Oxidative stress plays a central role in driving injury in both the pancreas and extra-pancreatic organs [229,230]. Cytoplasmic Ca²⁺ overload leads to mitochondrial Ca²⁺ accumulation and excessive reactive oxygen species (ROS) production, which in turn triggers lipid peroxidation, increases cell membrane permeability, and further exacerbates Ca²⁺ dysregulation [231,232]. The Nrf2 signaling pathway functions as a key protective mechanism against oxidative stress and inflammation. It mitigates both [79]. Importantly, oxidative stress and inflammation are tightly interconnected: ROS activates NF-κB signaling to promote inflammation, whereas Nrf2 suppresses this response by enhancing the degradation of IκB proteins [79,80]. Given this crosstalk, Nrf2 is considered one of the major pathways of interest in studies evaluating the protective effects of phytochemicals in pancreatitis. Several phytochemicals—including visnagin, micheliolide, and galangin—have been shown to alleviate pancreatitis by activating Nrf2 while suppressing NF-κB [27,89,158]. More recently, kaempferol was incorporated into a mitochondria-targeted nanosystem designed to improve solubility, bioavailability, and safety. This formulation effectively alleviated severe acute pancreatitis (SAP) by activating the Nrf2/HO-1 pathway and elevating intracellular glutathione (GSH) levels [205].

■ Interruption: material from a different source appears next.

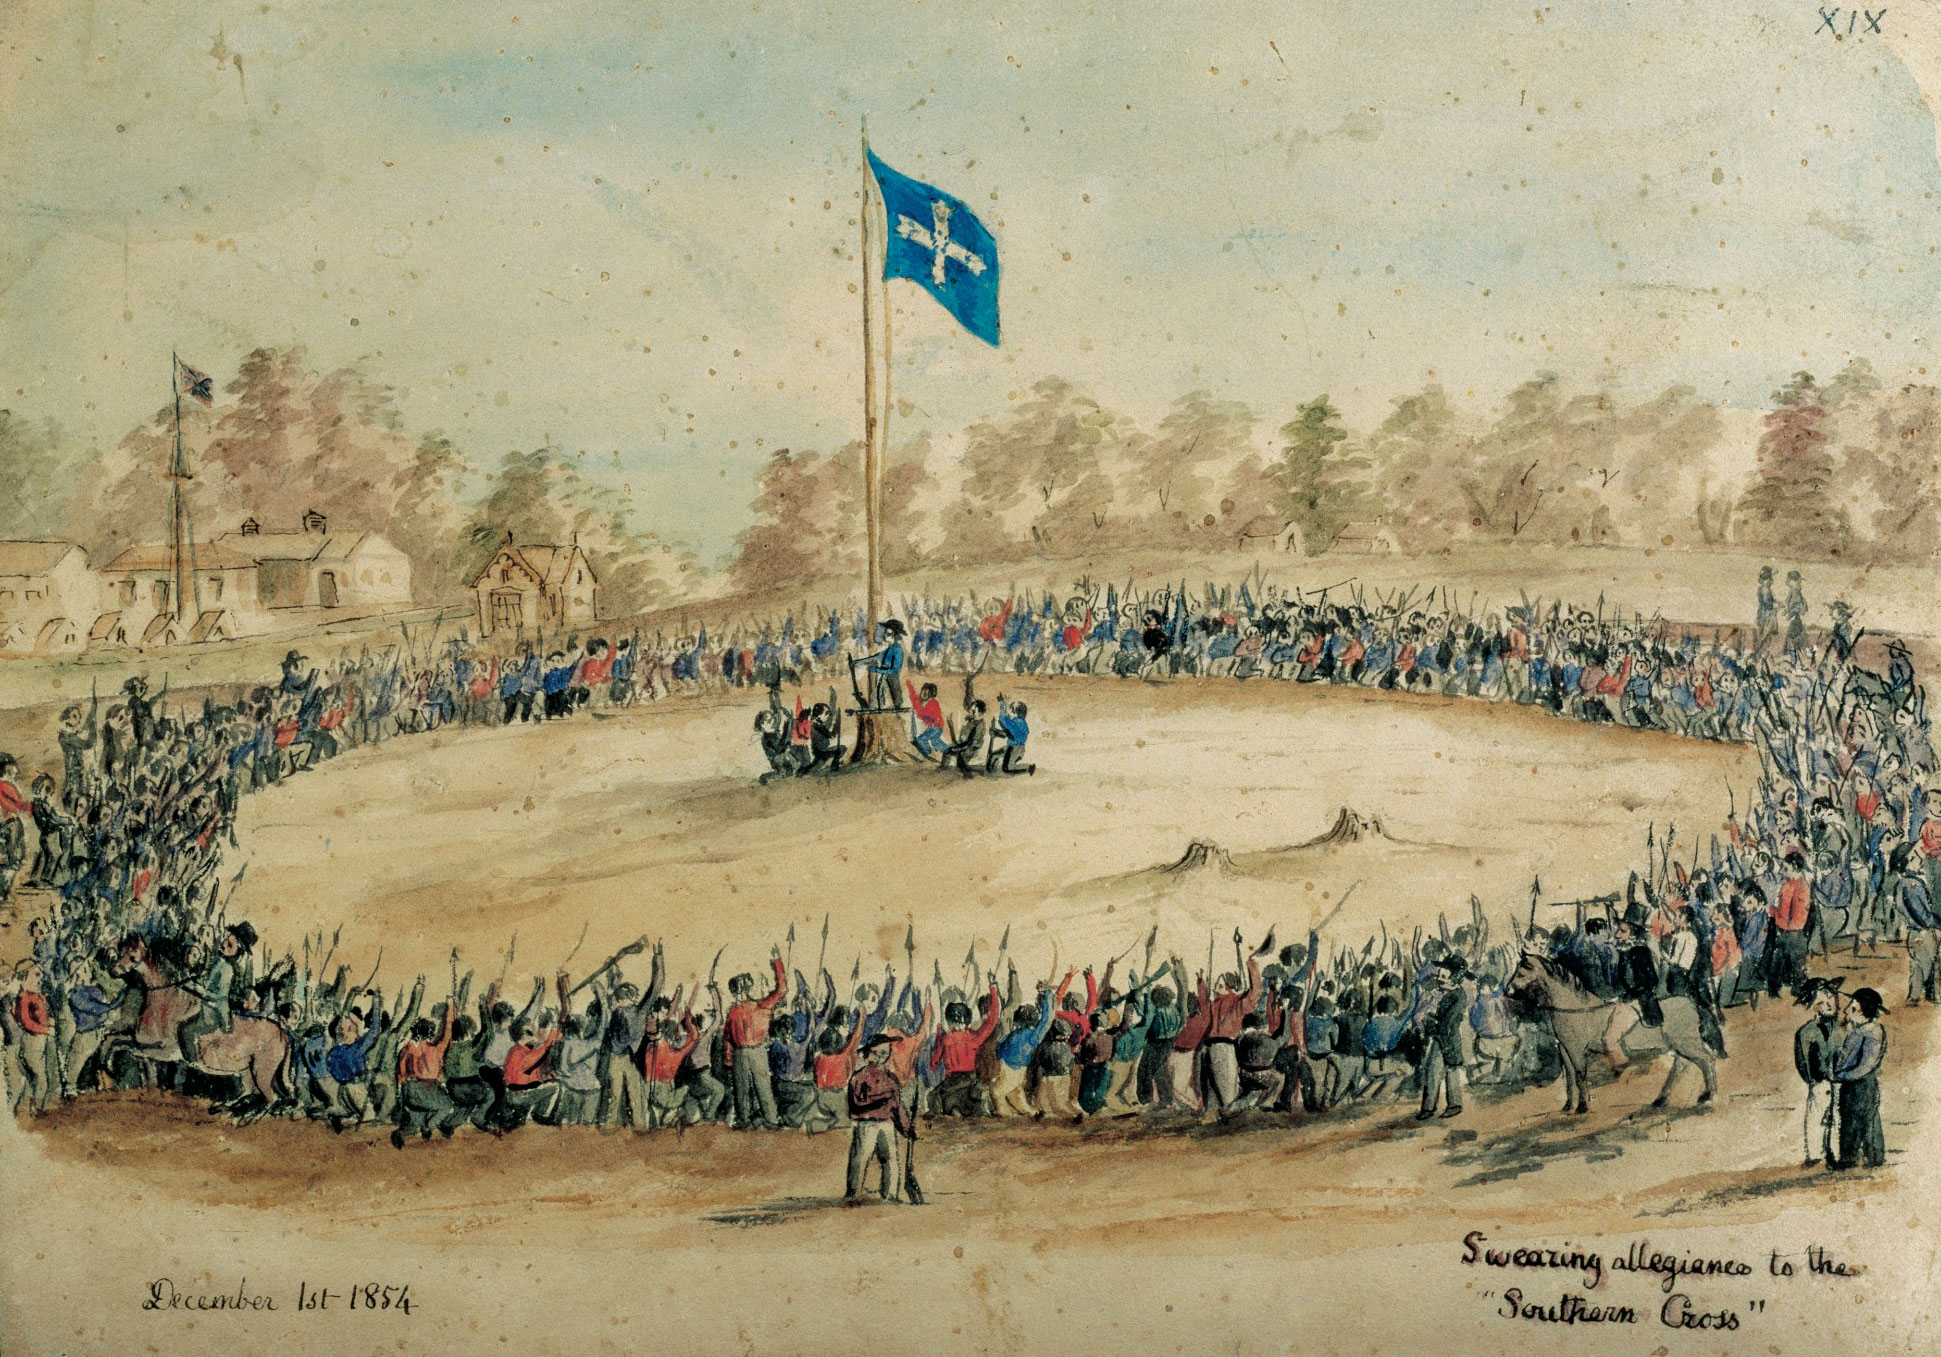 <p><em>Swearing Allegiance to the Southern Cross</em>, watercolour by Charles A Doudiet, 1 December 1854</p>

Overproduction of ROS, or impairment of the antioxidant systems, alongside iron overload, results in ferroptosis, which is an iron-dependent lipid peroxidation of membrane phospholipids [62]. Recent studies have highlighted the suppression of ferroptosis as a potential therapeutic strategy for pancreatitis, possibly through enhancing antioxidant enzymes such as GPX4, promoting iron efflux or sequestration, and reducing pro-ferroptotic proteins like ACSL4. For instance, wedelolactone has been shown to activate the anti-ferroptotic enzyme GPX4, thereby protecting against acute pancreatitis [151]. Similarly, silibinin upregulates FTH1, which sequesters Fe²⁺, while simultaneously downregulating ACSL4 expression, collectively attenuating ferroptosis [70]. Recently, Neferine has been shown to bind to the Cys-288 residue of Keap1, thereby activating the Nrf2 signaling pathway and inducing transcription of the iron exporter FPN, which enhances cellular iron efflux [152].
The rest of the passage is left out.